The word tiffin originates from the British India meaning a light meal coming from the old English tiffing as in to take a little drink or sip. Oop North it also relates to a refrigerator cake.
This cake is based on my Malteser cake and the basic recipe can be easily adapted to add different fillings. It's really easy for kids to make, so much so we'll be making a similar cake in Cookery Club, and can be prepared in 5 minutes. Julia @ A Slice of Cherry Pie is hosting her Easter Cake Bake again this year and I've submitted my Mini Egg Tiffin.
Mini Egg Tiffin
Fills 1 x 1lb tin
85g butter
2 tbsp golden syrup
2 tbsp cocoa
170g digestives, crushed (I usually blitz them in a food processor)
170g mini eggs, lightly crushed
30g mini eggs, left whole
1) Gently melt butter and golden syrup in large pan. Stir in cocoa, digestives and crushed mini eggs.

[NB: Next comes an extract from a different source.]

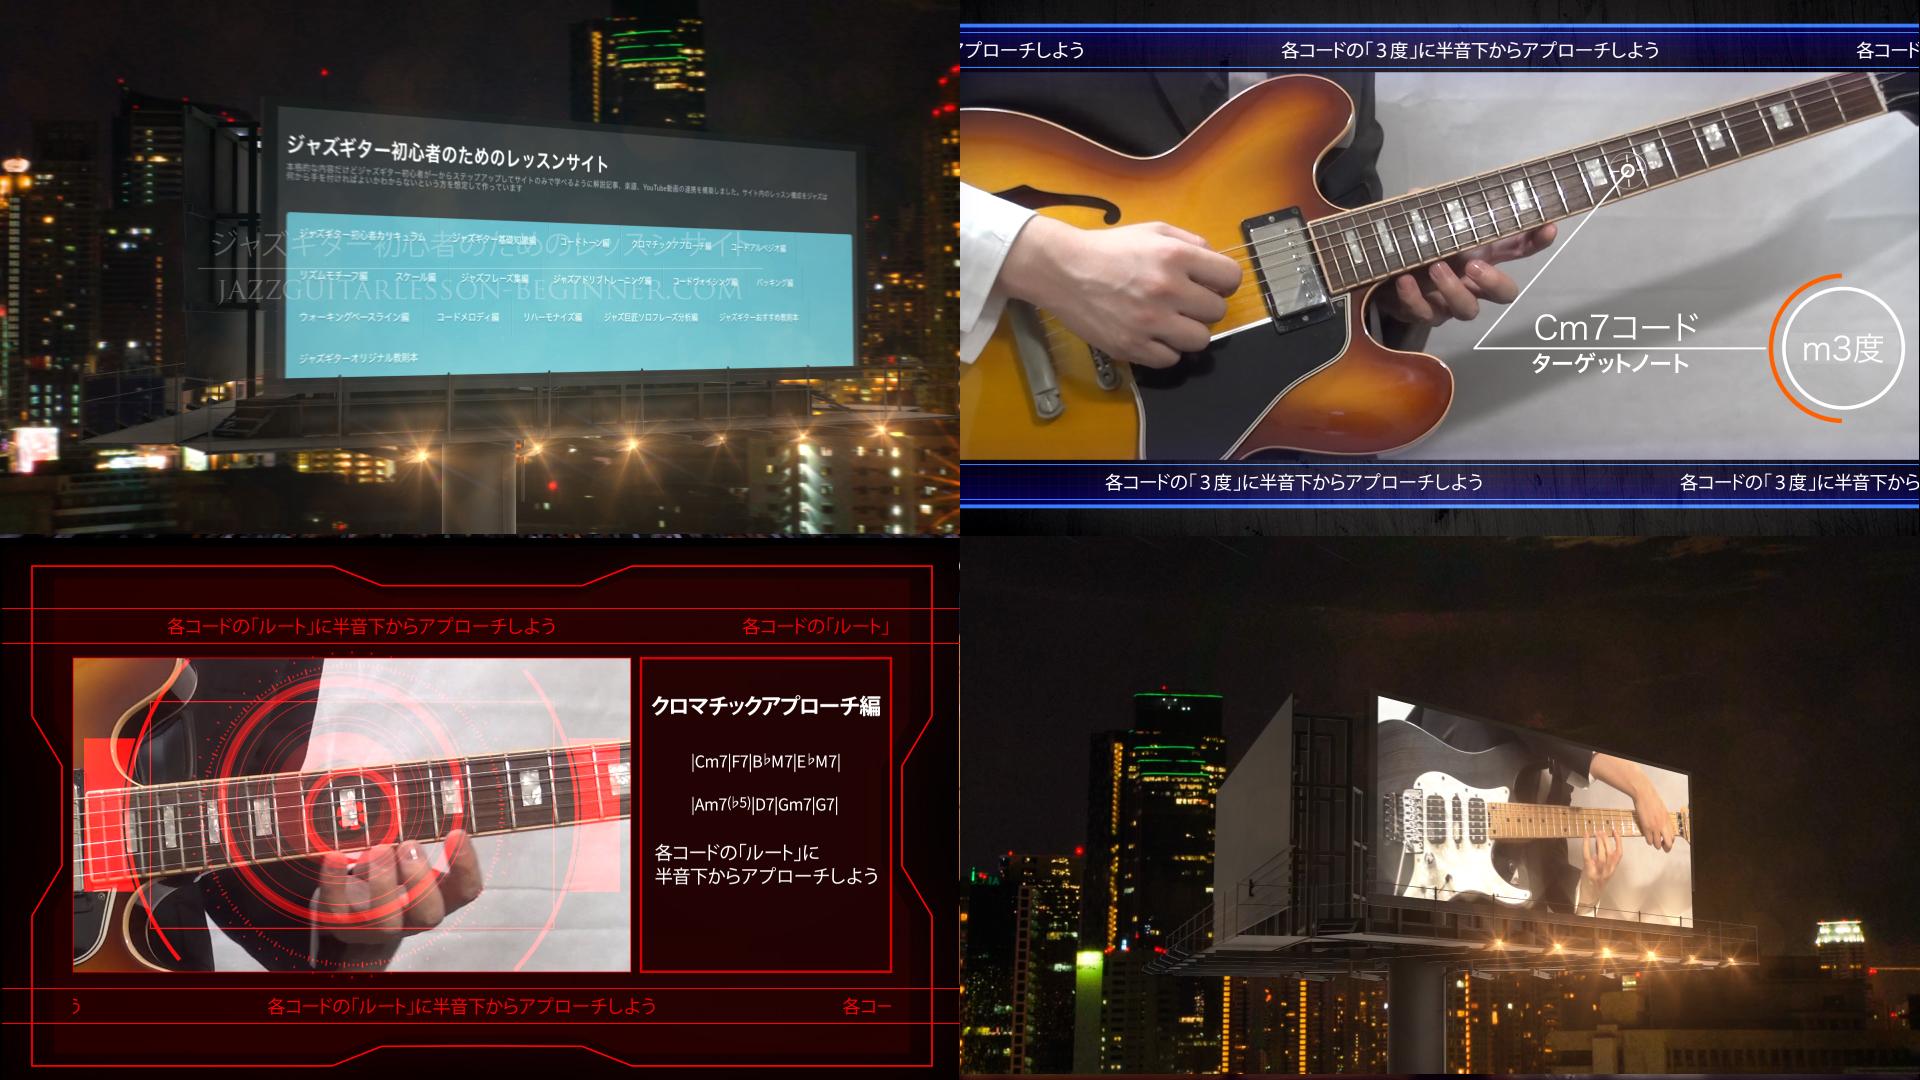 ジャズギター初心者のためのレッスンサイト

2) Line a 1lb loaf tin with cling film. Press mixture into tin then press the whole mini eggs into the top. Refrigerate until set.
Sunday, March 29, 2009
Coffee Creams - mk1
After making custard creams last year it has always been my intention to adapt the recipe to make the long-gone biscuit Coffee Cream.
Coffee Creams were the biscuits that could only ever be found in the festive Foxs (or was it Jacobs) biscuit tins given to you by Grandma for Christmas. As I love anything coffee flavoured I always snaffled them up, but not before I had sampled all the other biscuits (especially the posh Jammy Dodgers) first. As any coffee lover will tell you, coffee flavoured sweets/biscuits/cakes are not loved by everyone and are more often than not left till last. This is when us coffee lovers swoop and have our last coffee hit.

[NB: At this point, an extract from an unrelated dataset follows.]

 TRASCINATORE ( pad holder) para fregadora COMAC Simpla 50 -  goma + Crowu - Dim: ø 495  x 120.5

Now after a bit of experimentation I admit I've sorted the icing, but haven't got the biscuit dough quite right and no I know they don't look like the originals. The biscuits are delicious in their own right, but don't taste exactly like the hallowed Coffee Creams. Although I put coffee in the biscuit dough you can't taste it. I'm going to work on the recipe and try and get it closer to the flavour I remember. I also need to work on extracting a stronger coffee extract. Any tips?
Coffee Creams
Makes 8 coffee cream sandwiches
For the biscuits
175g/6oz plain flour
1 tsp baking powder
100g unsalted butter, cubed
3 tbsp caster sugar
1 egg
1 tbsp strong coffee
For the coffee cream
100g icing sugar
50g unsalted butter, softened
1 tsp strong coffee
1) Preheat oven to 180oc (160oc fan). For the biscuits mix flour and baking powder. Add butter and rub until you get a crumble like texture. Beat coffee into egg in separate cup. Add sugar then gradually beat in egg/coffee mix (you may not need all the egg) until you have a soft dough. Wrap dough in clingfilm and rest in fridge for 20 min.
2) Roll dough to around 4mm and use cutter to cut out round. Place on lined baking tray and bake for 15 min. Cool on rack before sandwiching them.
3) To make coffee cream, beat together icing sugar and butter until you have a cream. Add coffee and beat again until you have a smooth coffee cream.
4) Sandwich each biscuit with about 1 tsp of coffee cream.